3.3.2. The cache attribute

Acquiring the current status of a service will inevitably take resources (such as CPU time and perhaps disk space) away from the service. For some services this effort is minimal, for others it is more substantial. Whatever the burden, there will be some monitoring frequency above which monitoring will impact strongly on service provision.

To prevent overloading a service, the results from querying a service are stored within MonAMI for a period. If there is a subsequent request for the current state of the target within that period then the stored results are used rather than directly querying the underlying service: the results are cached.

The cache retention period is adjustable for each target and can be set with the cache attribute. The cache attribute value is the time for which data is retained, or (equivalently) the guaranteed minimum time between successive queries to the underlying service.

The value is specified using the standard time-interval notation: one or more numbers each followed by a single letter modifier. The modifiers are s, m, h and d for seconds, minutes, hours and days respectively. If a qualifier is omitted, seconds is assumed. The total cache retention period is the sum of the time. For example 5m 10s is five minutes and ten seconds and is equivalent to specifying 310.

In the following example configuration file, the MySQL queries are cached for a minute whilst the Apache queries are cached for 2 seconds:

[apache]
 host = www.example.org
 cache = 2

[mysql]
 host = mysql-serv.example.org
 user = monami
 password = monami-secret
 cache = 1m

If no cache retention period is specified, a default value of one second is used. Since MonAMI operates at the granularity of one second, there is apparently no effect on individual monitoring activity, yet we ensure that targets are queried no more often than once a second.

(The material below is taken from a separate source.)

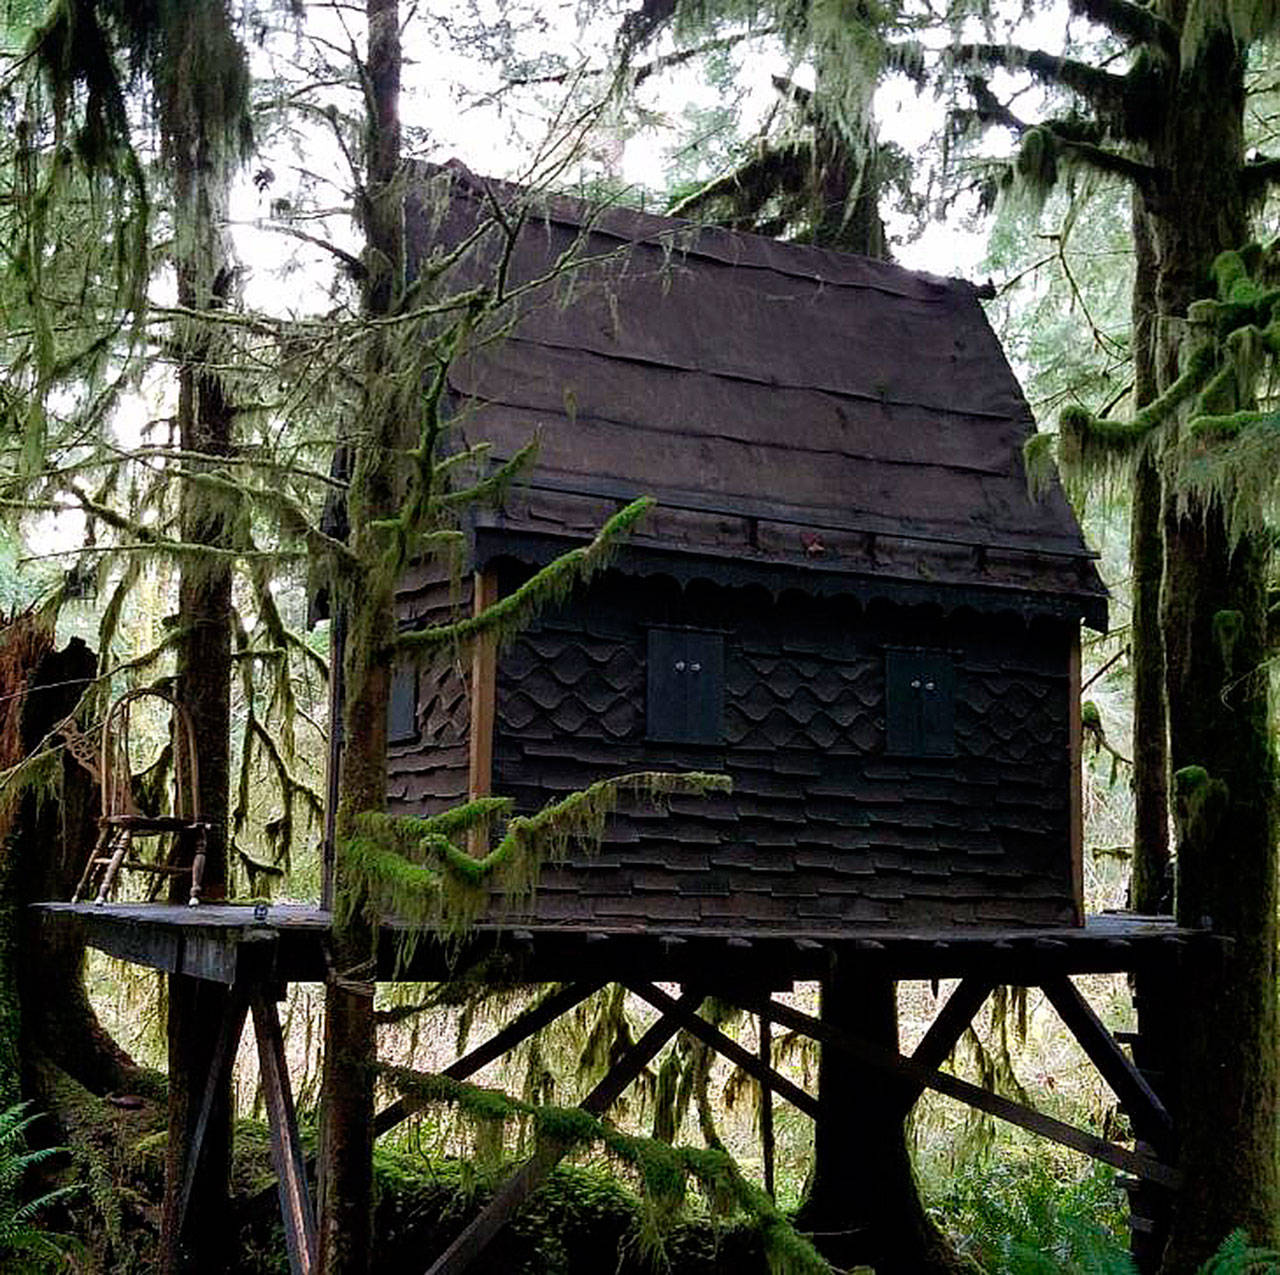 A tree house gingerbread-style cabin in the Snoqualmie National Forest has been constructed for at least seven years and was found to contain child pornography in November 2016. Photo courtesy of King County Sheriff’s Office

For many services, a one second cache retention time is too short and the cached data should be retained for longer; yet if the cache retention time is set for too long, transitory behaviour will not be detectable. A balance must be struck, which (most likely) will need some experimentation.

3.3.3. The map attribute

The map attribute describes how additional information is to be added to an incoming datatree. When a datatree is sent to a target that has one or more map attributes it is first processed to alter the incoming datatree. To the target, the additional metrics provided by map attributes are indistinguishable from those of the original datatree.

The map attribute values take the following form:

map = target metric : source

The value of target metric determines the name of the new metric and where it is to be stored. Any periods (.) within target metric will be interpreted as a path within the datatree. If the elements of the path do not exist, they are created as necessary, unless there is already a metric with the same name as a path element.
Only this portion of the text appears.